January thaw

IN just four weeks in Geneva the Reagan administration will make the opening move in setting the tone and structure for its foreign policy achievements for its second term. Talks between Secretary of State George Shultz and Soviet Foreign Minister Andrei Gromyko Jan. 7 and 8 should bring some order to the rolling wave of hints and gestures from both sides that direct negotiations on arms control should be resumed.

On the Washington side, the administration is still split between those who insist the talks should be just about talks and no more, and those who feel Mr. Shultz should show ''some ankle,'' that is, suggest specific negotiating gambits that would indicate President Reagan is serious about wanting results.

There's nothing mysterious about what ankle could be shown. In the theater nuclear weapons, the ankle is in future deployments: first a possible slowdown in scheduling, and second some rollback of Pershing II deployments if negotiations proceed. Something like this was suggested back in 1982. Then there is the possible inclusion of the British and French theater nuclear systems as suggested in 1983. In space weaponry, the ankle is the testing issue: How would the US proceed with its testing schedule if negotiations begin?

The administration knows these possibilities and others. The internal debate goes on. The State Department allied with the White House staff is making as much of the Shultz-Gromyko meeting as it can, in effect enlarging President Reagan's stakes in the outcome and at the same time trying to moderate expectations to guard against a possible letdown. Others in the administration are still insisting that previous US proposals have been satisfactory and that the existing, though recessed, talks are adequate.

President Reagan, it seems to us, has already gotten himself deeply enough committed to the high-level communications exchange - not only between Mr. Gromyko and Mr. Shultz but between Konstantin Chernenko and himself - to have put his presidential prestige on the line. This has come about incrementally - from his campaign emphasis on seeking peace, his exchange of letters with his Soviet counterpart, to his dampening of hardliner static in recent days by excluding more confrontational advisers from White House ranks.

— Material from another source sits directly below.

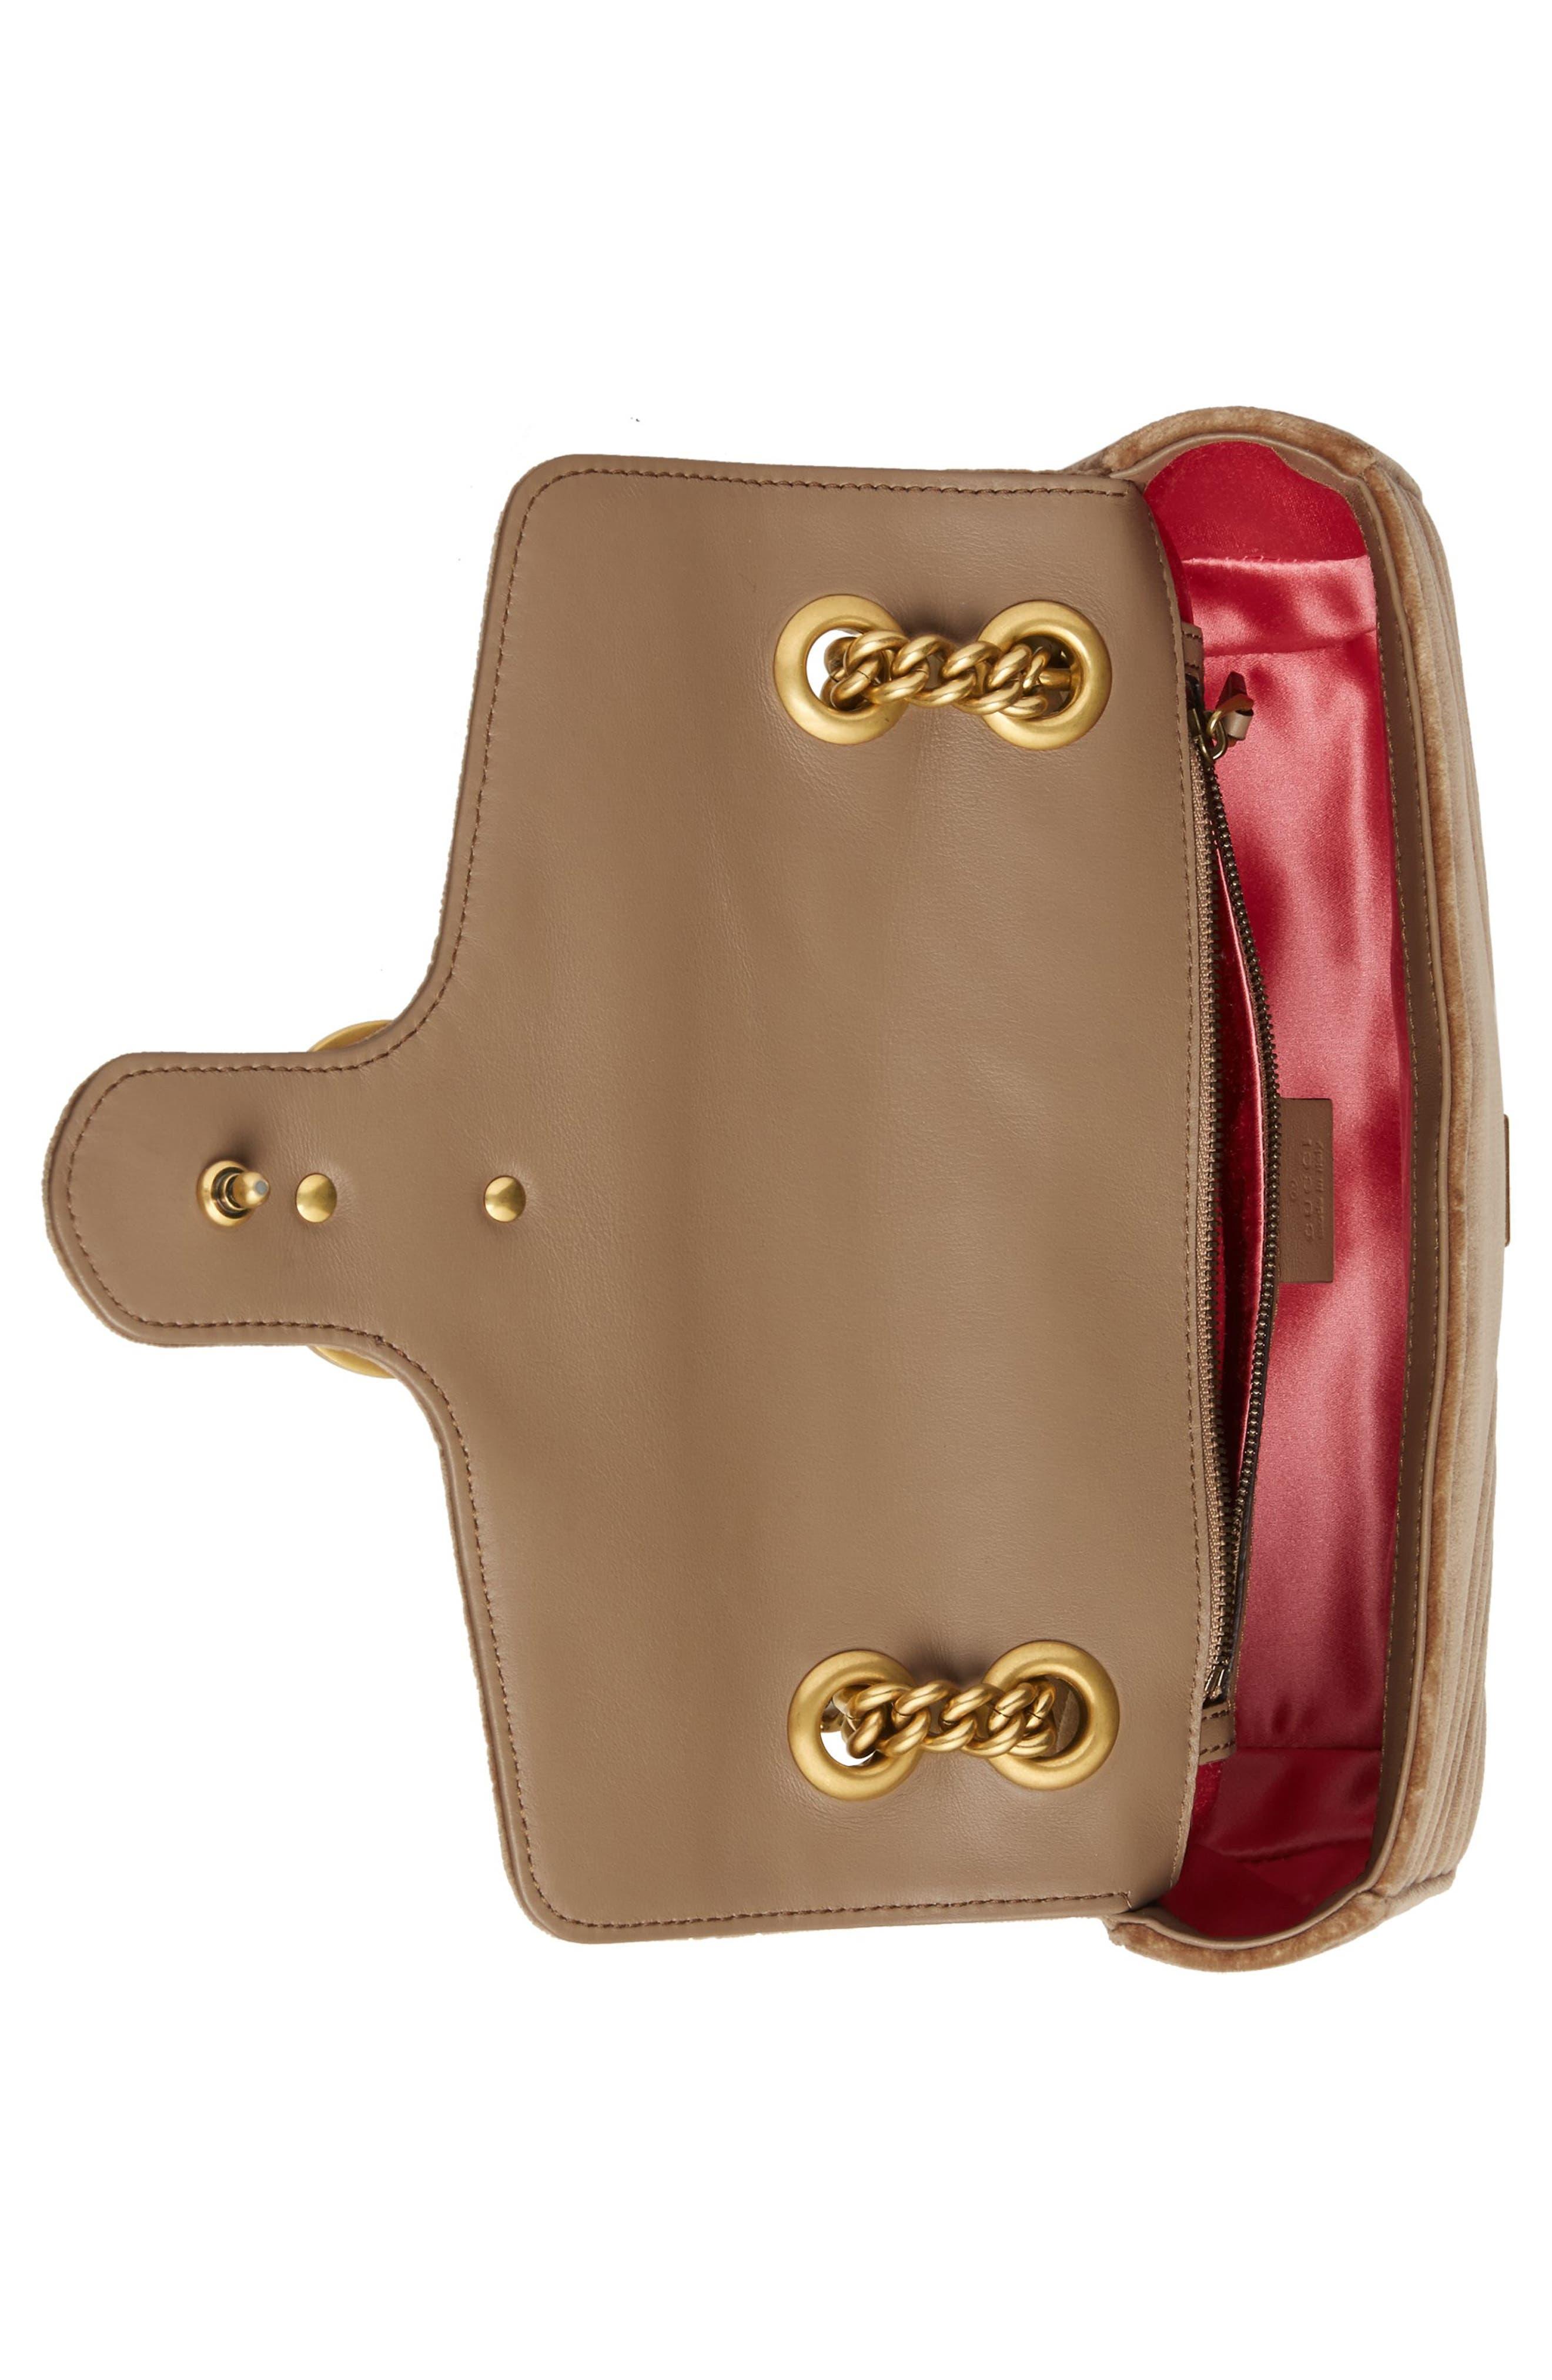 Medium GG Marmont 2.0 Matelassé Velvet Shoulder Bag,                             Alternate thumbnail 3, color,                             TAUPE/ TAUPE

Chernenko and Gromyko, among the reigning Soviet old guard, have gotten deeply into the talks business too. If Washington proves an unserious bargainer, it could lead to a chill in East-West relations worse than the one from which the two sides are struggling to emerge. An episode like the intrusion of high-performance Soviet aircraft into Central America, which the Reagan administration could not permit, could again derail arms talks progress. But barring such an event, a commitment to good-faith negotiation now appears inescapable.

An administration finds it difficult to shoulder more than one major foreign policy boulder at a time. Partly for this reason, the Reagan team is playing down other regions such as the Middle East for the time being, to concentrate on the Soviets and arms. This seems wise.

Efforts are customarily made to make preparations for high-level talks, as well as actual negotiations, inscrutable. In this case, the White House has even invoked a signed nondisclosure pledge for aides involved in preparations. But eventually the gist of the internal arguments will be known, along with the President's choice among options. We trust that eventual disclosure will reflect a distinct presidential commitment to a new, positive relationship with the Soviet Union.